| How I Got Across the Great Divide By Tina Traster
July 23, 2009
-- Is it me or is the word suburbia loaded? Like 'stay-at-home
mom' or 'Britney Spears', suburbia has its fans, satirists,
detractors. Until 2005, I was smugly ensconced in the third
category, a self-styled city slicker who wore black garb, told
cabbies the best route to get across town, exchanged
intimacies with people riding elevators. Typical New Yorker.
Suburbia to me -- a psychologically-scarred Brooklyn-born kid
whose family never 'made it' to Long Island -- was an aseptic
construct where women over 35 lost their edge and their calf
muscles because they spent days driving to the strip mall and
taking junior to soccer practice.
"That will never be me," I'd swear to my husband driving
over the George Washington Bridge after visiting friends who
lived in cavernous colonials with marbled foyers and Labrador
retrievers.
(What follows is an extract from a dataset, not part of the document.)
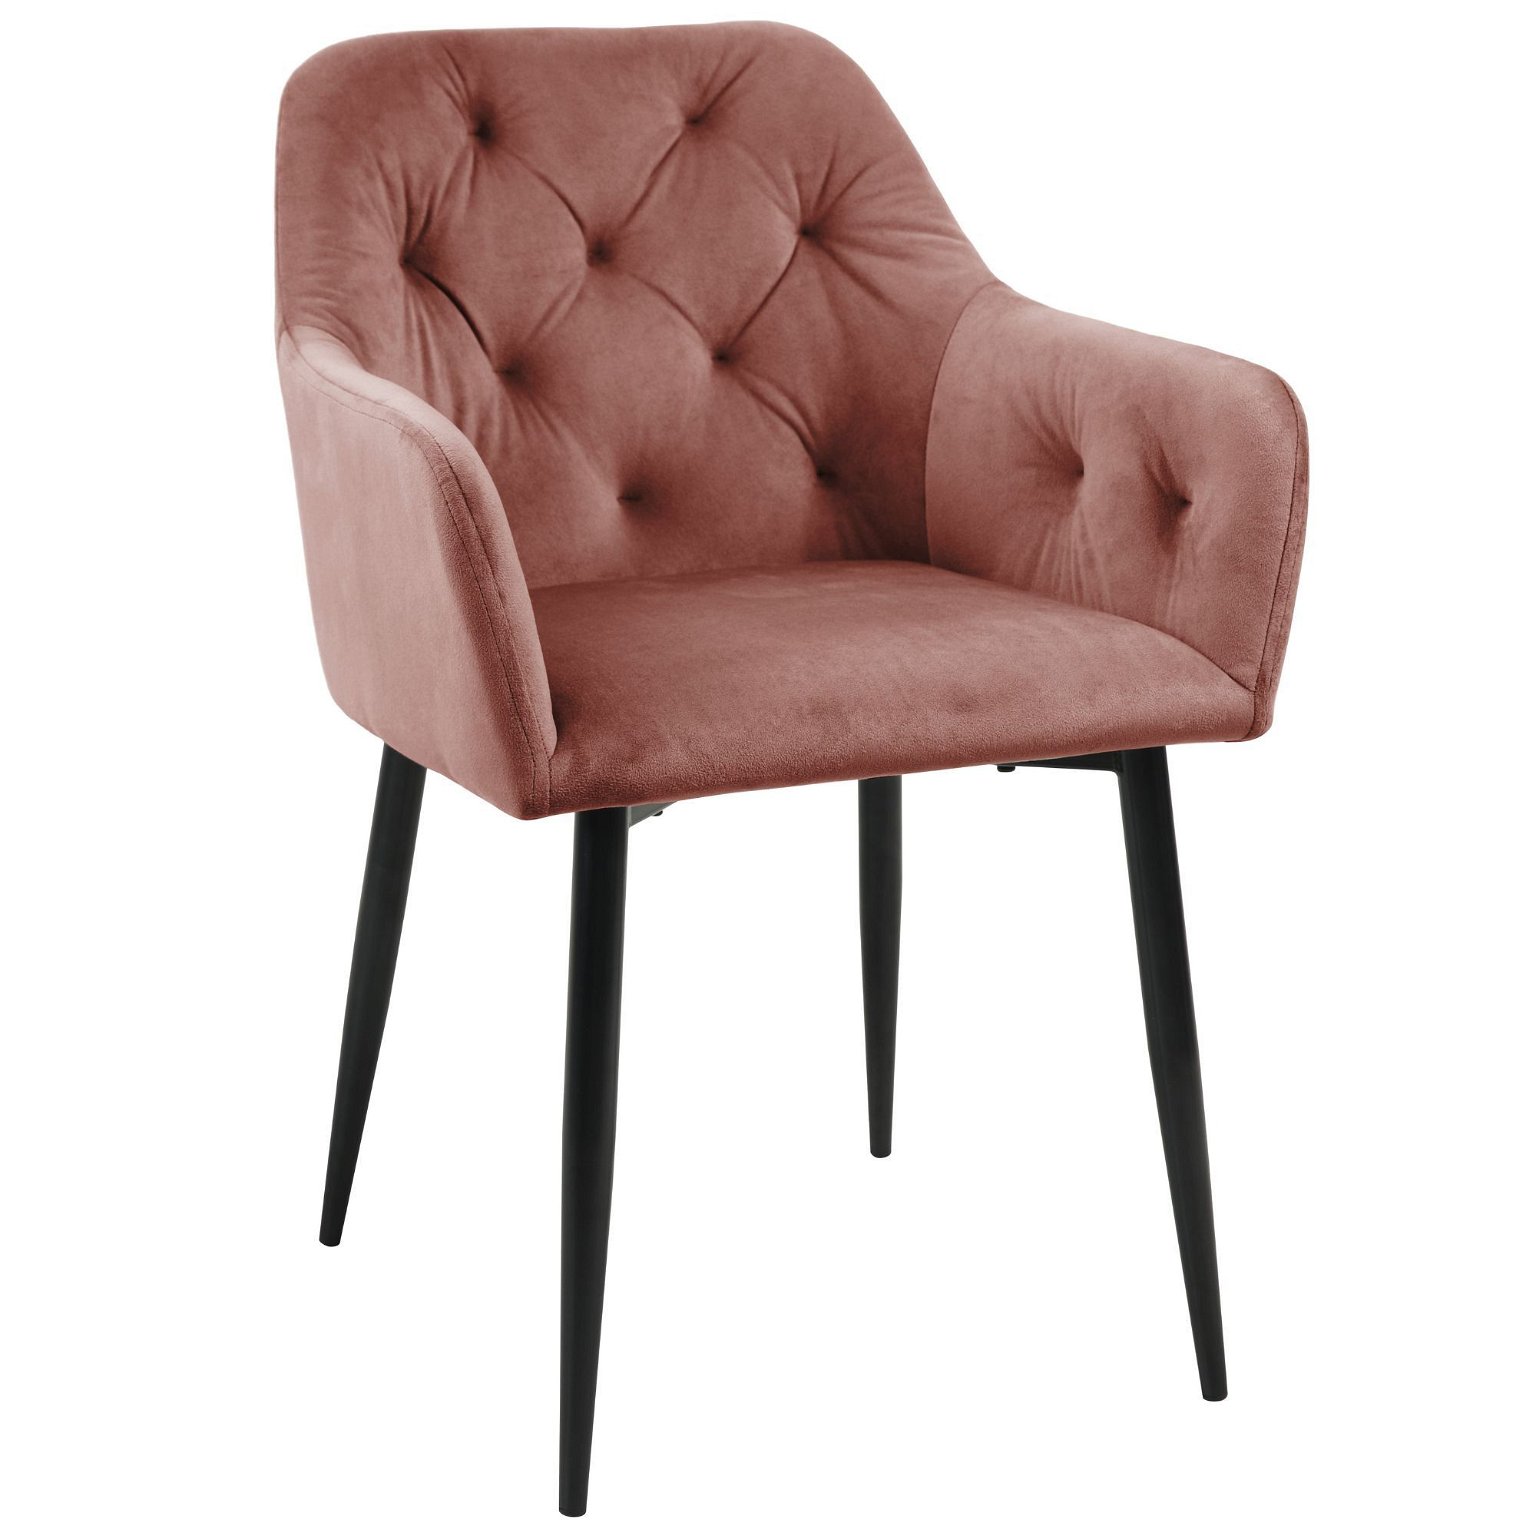 2-jų kėdžių komplektas SJ.030, rožinė

My lifelong scorn for suburbia pre-conditioned me to put up
with every city-related inconvenience or absurdity, for
example, circling like a hungry buzzard for a parking spot or
keeping windows shut on hot summer nights to drown out whining
sirens and the occasional gunshot. Even when I was tripping
over my toddler's loot, I believed IKEA was the solution to
our ever-shrinking 700-square-foot apartment and our inability
to buy a bigger place in a steroidal real estate market. Still, I would not contemplate suburbia. I was mentally and physically asphyxiated by my long-held
beliefs that the sticks were filled with people who stopped
going to independent films and who ate dinner before 7. Sure I
was yearning for room and trees and a driveway but my
childhood demons were ninjas. It all started the day my family
piled into the yellow Cadillac to see the white house for sale
in Long Island. At ten, this was the most glamorous house I'd
ever stepped inside of - it was nothing like the cramped ones
in Brooklyn. My mother wanted this house and this life more
than anything in the world. My father didn't. He thought a
Cadillac in his driveway and a detached house in Canarsie was
good enough. My mother's brooding and envy for greener
pastures turned into scorn for all-things-suburban. An
emotionally resourceful woman, she came up with plan B: raise
her daughters to worship Manhattan. Throughout college, I
tacked up in every dorm room I lived in a famous New Yorker
magazine poster that showed Manhattan as the center of the
universe. It was the center of mine. At 43, I'm restless and don't understand it. I don't bother
leaving my neighborhood any more. I thought I would relish
taking my toddler all over the city the way my mother did with
me but we mostly walk from our apartment to familiar stops
along the way and back. Every day. The idea of my daughter
having a real bedroom with windows rather than the alcove she
sleeps in seems more important than her being able to identify
Impressionists at the MET. My dreams of raising a city kid - a
real city kid - are eluding me and I'm scared to death. In
their place are mental illuminations that my child might be
better off if she knew the difference between lavender and
salvia or if she woke to the "whata-cheer-cheer-cheer" of
Northern Cardinals. My primitive impulses take shape because
on weekends in the summer and fall we rent a tumble-down lake
cottage in the country and I remember something I've long
forgotten: how happy I was during my childhood at sleep-away
camp upstate in the mountains. Before we leave the country after each weekend and return
to Manhattan it takes 30 minutes to coax the cat out from
under the bed. He stares at me with glazed yellow eyes that
say "you got me up here and now I'm not leaving." I feel the
same way. On the late autumn day when we pulled out of the
lake-house driveway at the end of the season I exploded into
tears. "Why is mommy crying?" my daughter asked. "Because she
doesn't want to go back to the city," my husband said. During the two-hour drive home I let those words run
rampant in my mind, like letting puppies out of a crate. They
wreak havoc with notions I cling to. Indeed I am tired of
writing in a kitchen nook facing a brick wall. I am still
fearful of the subway and crowded spaces in the post 9/11
world. My love affair with Manhattan is waning; it is a
painful breakup. It is never a picnic to relinquish what we believe we
absolutely think we know. There wasn't one big defining moment that led to the
purchase of a beaten-down 1850s farmhouse on a glorious wooded
mountaintop. More like a steady trickle of frustrations I
finally stopped resisting. In 2005, I became a... yes I can
say it...I became a suburbanite. I admit I'd rather say I live
in a river town along the Hudson, which technically I do, but
my house is 40 minutes from Manhattan, and the rest of the
folks who live here call it a suburb.